For single-node deployment, we recommend using dp4 tp4 instead of dp2 tp8.
--max-model-len specifies the maximum context length - that is, the sum of input and output tokens for a single request. For performance testing with an input length of 3.5K and output length of 1.5K, a value of 16384 is sufficient, however, for precision testing, please set it at least 35000.
--no-enable-prefix-caching indicates that prefix caching is disabled. To enable it, remove this option.
--mm-encoder-tp-mode indicates how to optimize multi-modal encoder inference using tensor parallelism (TP). If you want to test the multimodal inputs, we recommend using data.
If you use the w4a8 weight, more memory will be allocated to kvcache, and you can try to increase system throughput to achieve greater throughput.

Common Issues Tip: If you encounter issues, please refer to the Public FAQ for troubleshooting.

Service Verification:

curl http://<node_ip>:8088/v1/chat/completions \
    -H "Content-Type: application/json" \
    -d '{
        "model": "kimi_k25",
        "messages": [{
            "role": "user",
            "content": [
            {
                "type": "text",
                "text": "The future of AI is"
            }]
        }],
        "max_tokens": 1024,
        "temperature": 1.0,
        "top_p": 0.95
    }'

Expected Result:

The service returns HTTP 200 OK with a JSON response containing the choices field.

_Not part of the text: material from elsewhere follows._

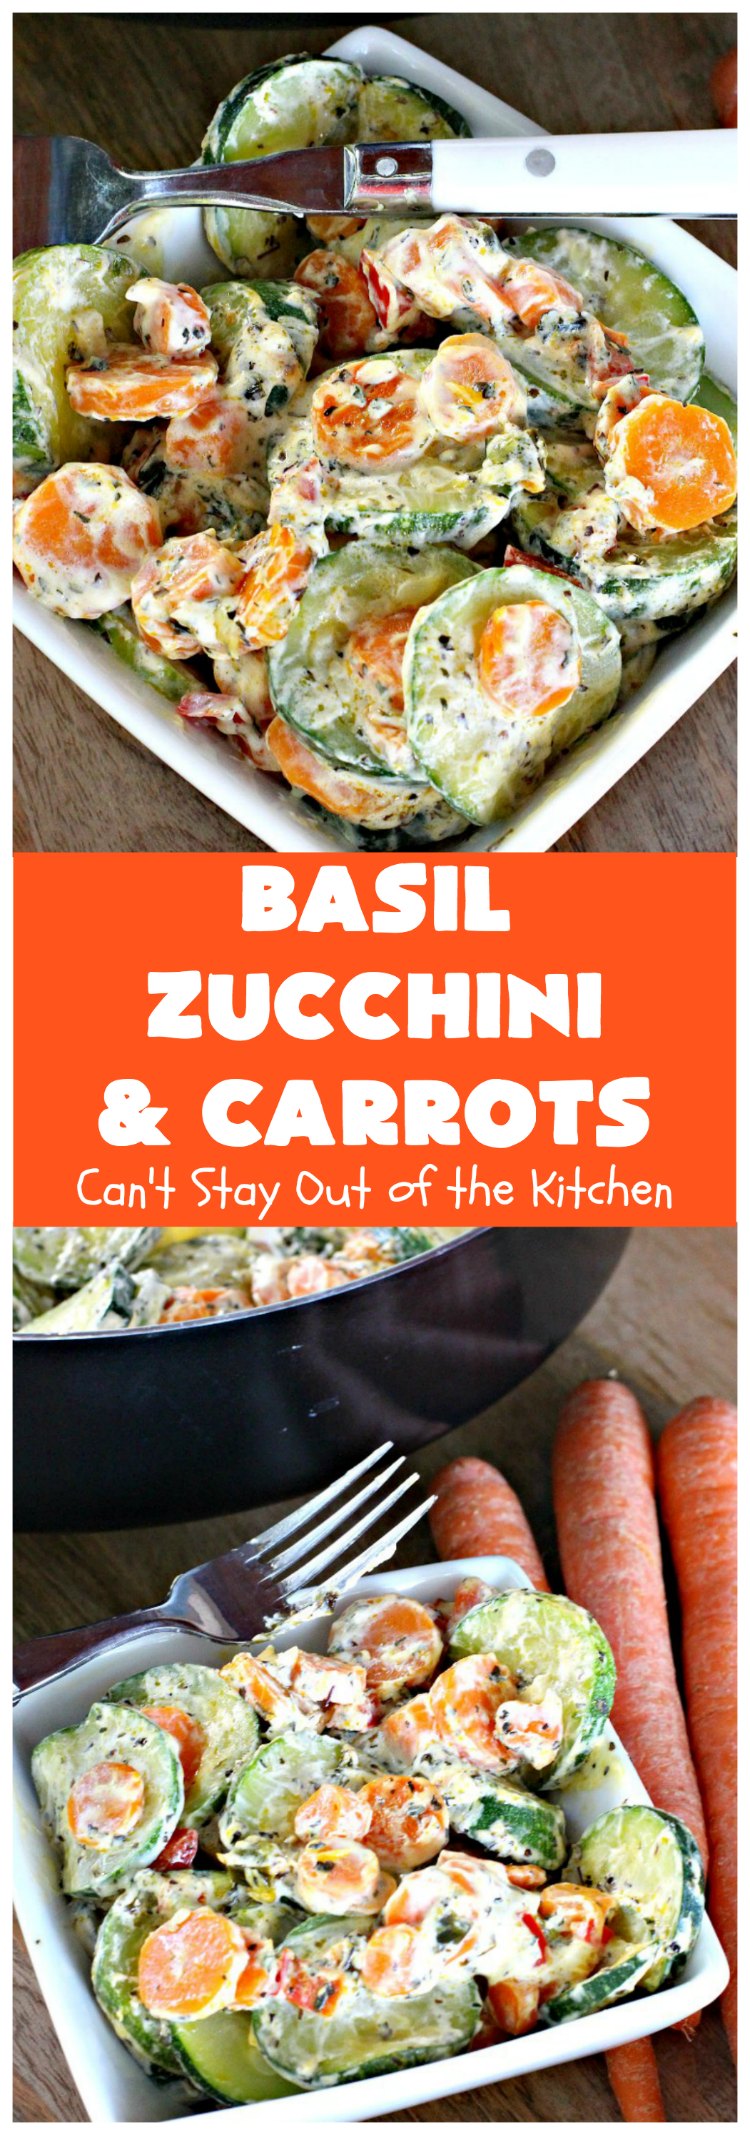 Basil Zucchini and Carrots | Can't Stay Out of the Kitchen

Example output:

{
    "id": "chatcmpl-xxxxxxxxxxxxx",
    "object": "chat.completion",
    "model": "kimi_k25",
    "choices": [
        {
            "index": 0,
            "message": {
                "role": "assistant",
                "content": "The future of AI is not a destination we are passively approaching...",
                "finish_reason": "length"
            }
        }
    ],
    "usage": {
        "prompt_tokens": 13,
        "total_tokens": 1037,
        "completion_tokens": 1024
    }
}

5.2 Multi-Node Data Parallel Deployment¶

Kimi-K2.5-w4a8 can be deployed across multiple nodes using data parallelism. This deployment mode requires at least 2 Atlas 800 A2 (64G × 8) nodes.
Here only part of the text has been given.